As her husband and the woman who had helped her encouraged her to join al Khansaa, another thought weighed on her. She believed that the mortar round that killed her parents and cost her sister her arm was the work of the U.S.-led coalition. Although many civilians have been killed by its airstrikes and subsequent offensives, it seems unlikely given the timing of her parent’s death in early 2014 that the coalition was responsible. It had not taken shape until that summer. But hatred for the coalition became a deep conviction for Umm Rashid. She would serve with the enemy of those she believed had killed her family. “I accepted to become a member of al Khansaa,” she says.
“Because my husband was an emir, I was not sent to the training camp,” Umm Rashid explains.

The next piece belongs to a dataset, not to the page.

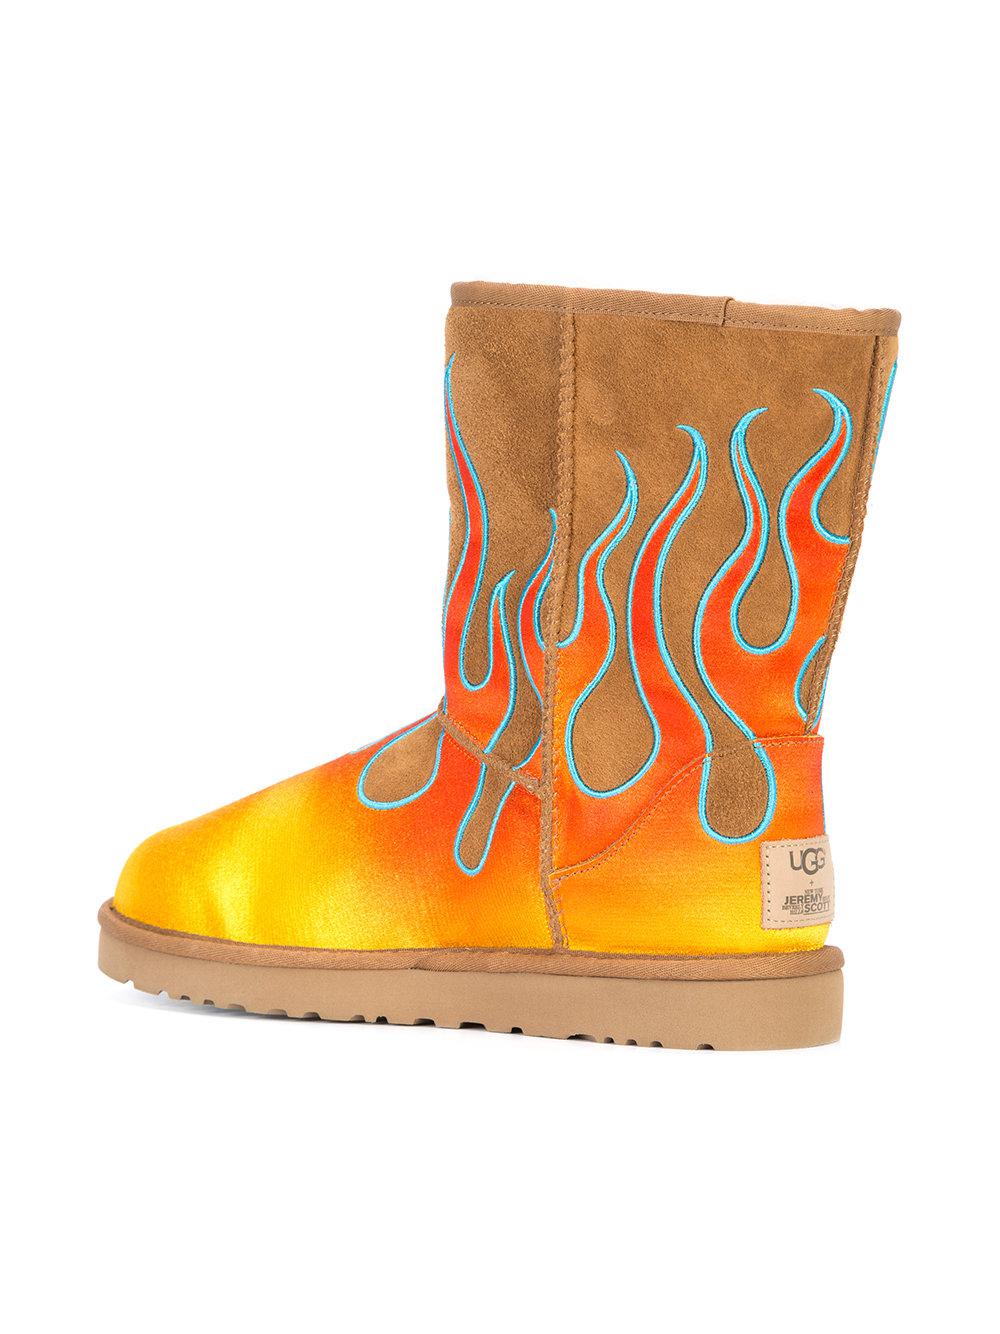 Jeremy Scott Suede Ugg X Classic Short Flames Boots in Yellow & Orange  (Orange) | Lyst

While the group regularly publishes pictures of women holding weapons in supposed training exercises but not as combatants. Of the 63 ISIS cadres—prisoners, returnees, and defectors—ICSVE have thus far interviewed, many tell us that men go for Sharia training, but the women are instructed individually at home, by their husbands. Western soldiers mock the awkward way the ISIS women are photographed or filmed holding their rifles in ISIS propaganda.
“There were a lot of 14- and 15-year-old girls in al Khansaa,” Umm Rashid tells us. “When I first registered, Umm al Khattab helped me a lot. They gave me a weapon. I joined her brigade. Umm al Khattab was the emir of that brigade,” Umm Rashid explains.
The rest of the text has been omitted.